Time to talk about The Bachelorette!  Last week’s episode ended with a confrontation between the Lukes (Luke P and the other Luke whose last initial I've already forgotten).  Last night's episode opened with the group at a cocktail party still in Rhode Island.  Luke P is surrounded by his haters and he either doesn't realize how much the guys dislike him or he really doesn't give a rat's ass.  He has clearly adopted the classic "I'm not here to make friends" attitude.  Other Luke was outfoxed by his dim-witted namesis.  He quickly realized there could only be one Luke and decided to go home and work on his tequila company.  He pulled Hannah aside before she could start handing out boutonniere's, used the manners his mama taught him, said thank you for having me and just walked away.  Awkward.  And then that damn Chris Harrison sneaked into the room and snagged one of the roses off the table.  Wait.  What????  Why not just go with the flow and give that rose to another guy? 

Ultimately, Hannah eliminated a couple of guys I had never seen before (seriously, I think they were just seat fillers like they have at awards shows) and JPJ.  John Paul Jones, the show’s most irreverent, confusing contestant, meme-generator and best floppy hair award winner.  This is the man who taught himself how to ride a unicycle in a half-hour, the man who happily ate chicken nuggets as drama unfolded around him and screamed like a girl when he was hooked up to the labor simulator.  Why wasn't there a #SaveJPJ movement last night?  The producers had already booked flights and hotel rooms in Scotland and could’ve brought him along.  There was no #Justice4JPJ and KJ was devastated.  She said she's going to slide into JPJ's DM's and say something witty like, "meet your future wife."  Ha!  Ha!  Ha! 

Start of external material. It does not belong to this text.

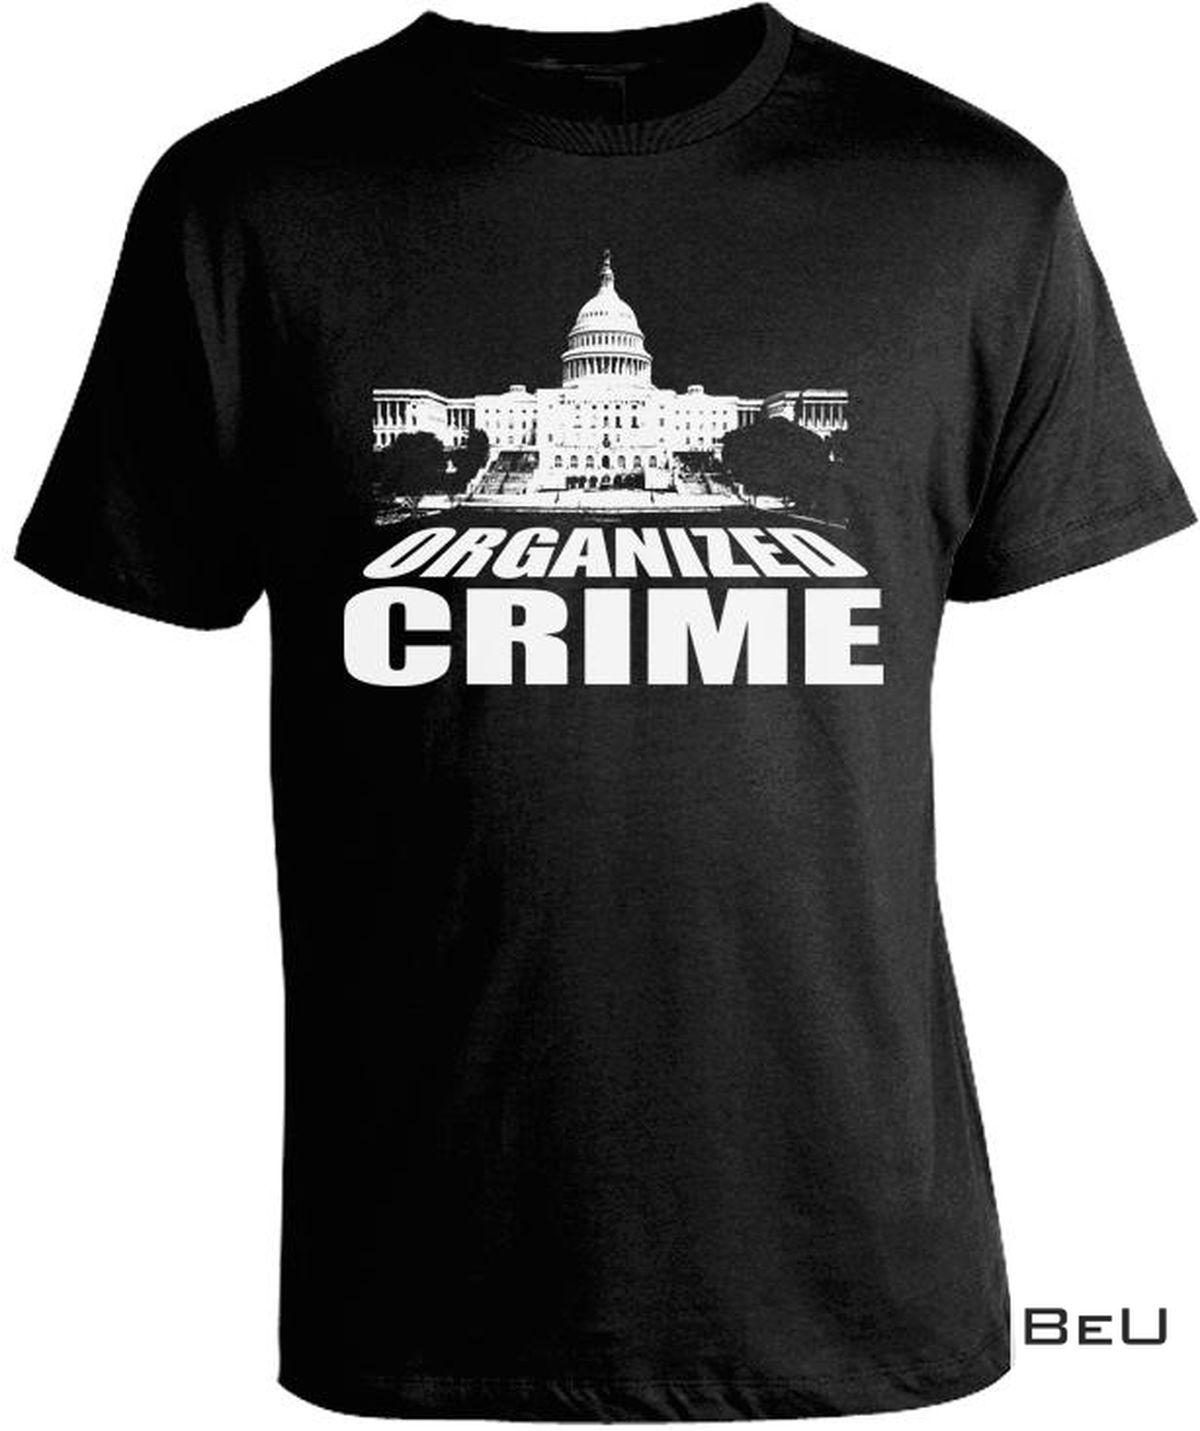 Organized Crime Shirt, Hoodie, Sweatshirt

But here’s the part that makes me the most mad:  Other Luke, you could have had a free trip to Scotland! Obviously, Other Luke thought he was going to get eliminated and wanted to save himself the humiliation. But for some reason known only to Other Luke himself, he couldn't just let it ride and ended up losing out on an all expenses paid trip to Scotland!  A week of free food and free drinks totally wasted.  A free trip to Scotland! They have castles and scotch and great accents and scotch and beautiful scenery and scotch!

Hannah’s first date of the week was with Mike. Nothing particularly special happened—they just walked around Scotland, exploring little stores and tasting scotch and visiting a pub. Have I mentioned Mike has an amazing smile? 

One of their first stops was at a bookstore where Hannah picked up two distinct items that she was not quite sure how to interact with. It was like Alien Hannah was dropped onto Earth in the middle of Inverness Scotland and she wandered aimlessly into a book store. 

First, she picked up a book and smelled it. This kind of makes sense—old books can have deep, rich, musty smells. Maybe she’s into that. I mean, I totally am.  But usually you inspect books by looking at them.  You know, judging their covers.  And she made a stupid comment about the smell of fresh books.  Girl, those were not fresh books. 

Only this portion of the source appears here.